## Action item:
Restate verbatim the span of lines below between the line with "標準価格 198,000円(税抜)" and the line with "uppsättning av grön", including those two lines, and only that span.

## Given records:
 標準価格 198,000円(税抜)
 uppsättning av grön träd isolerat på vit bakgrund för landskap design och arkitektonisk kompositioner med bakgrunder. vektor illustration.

* * *

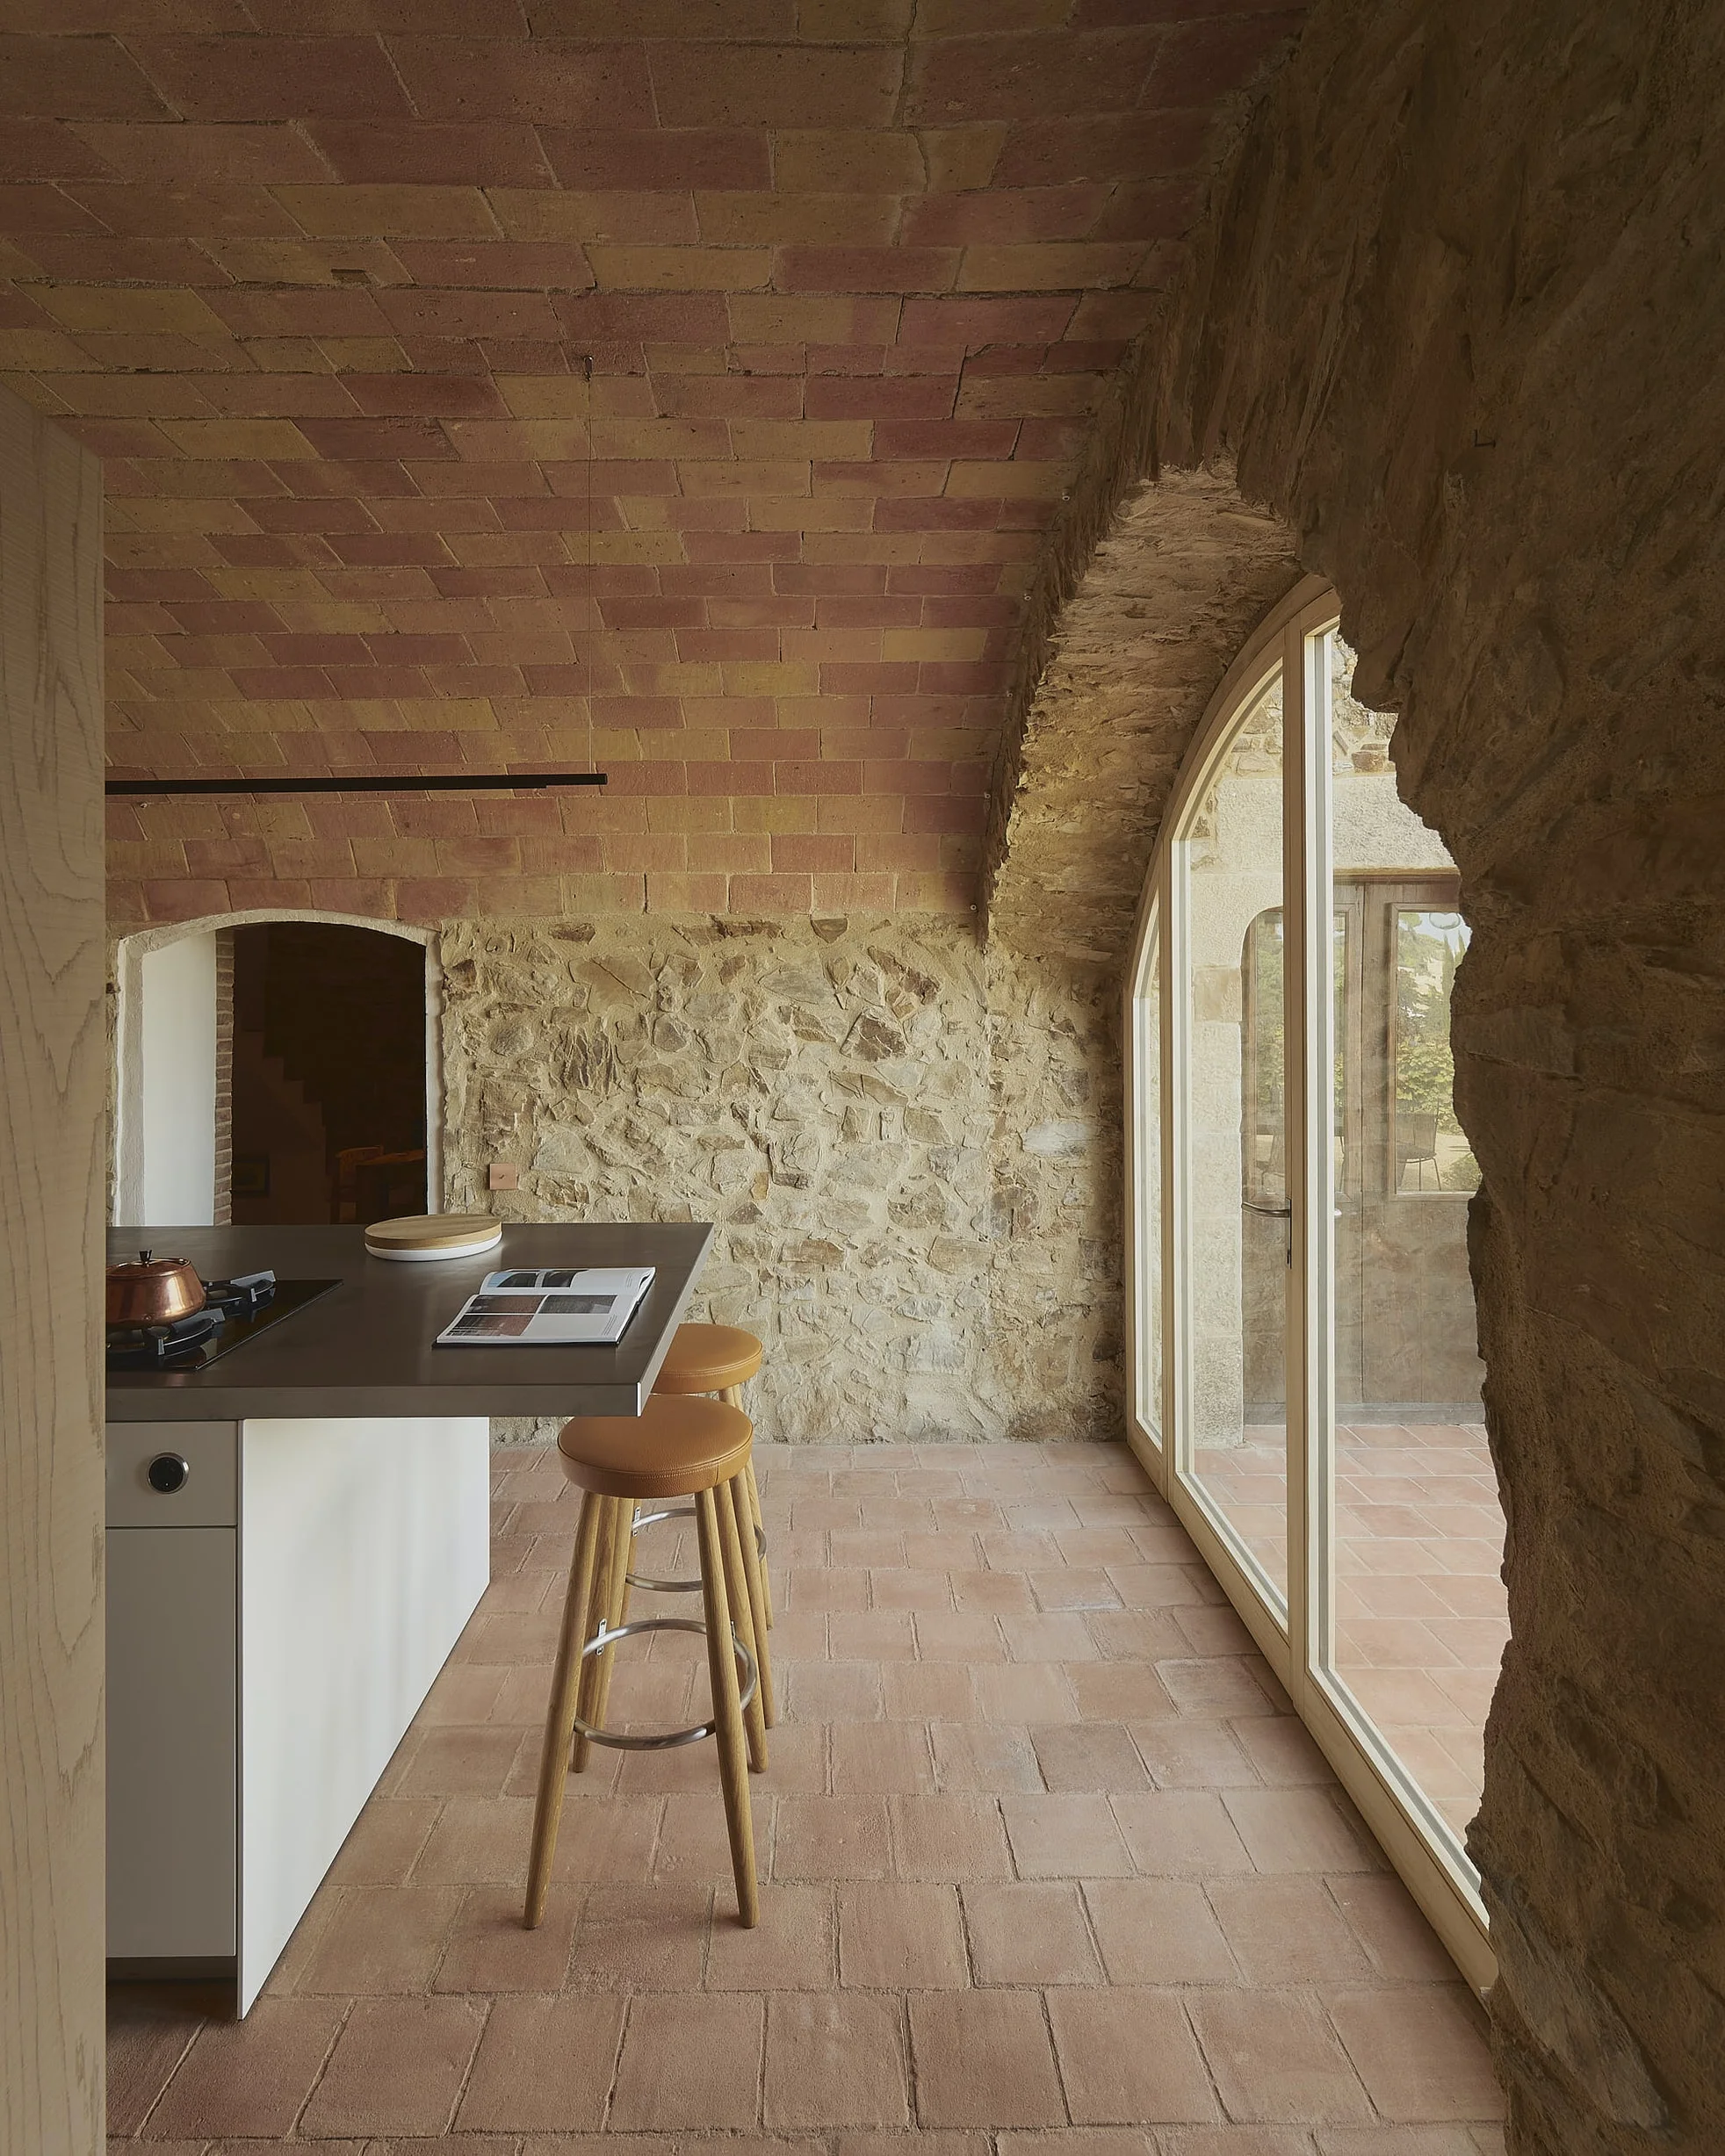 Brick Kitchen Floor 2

## Written answer:
 標準価格 198,000円(税抜)
 uppsättning av grön träd isolerat på vit bakgrund för landskap design och arkitektonisk kompositioner med bakgrunder. vektor illustration.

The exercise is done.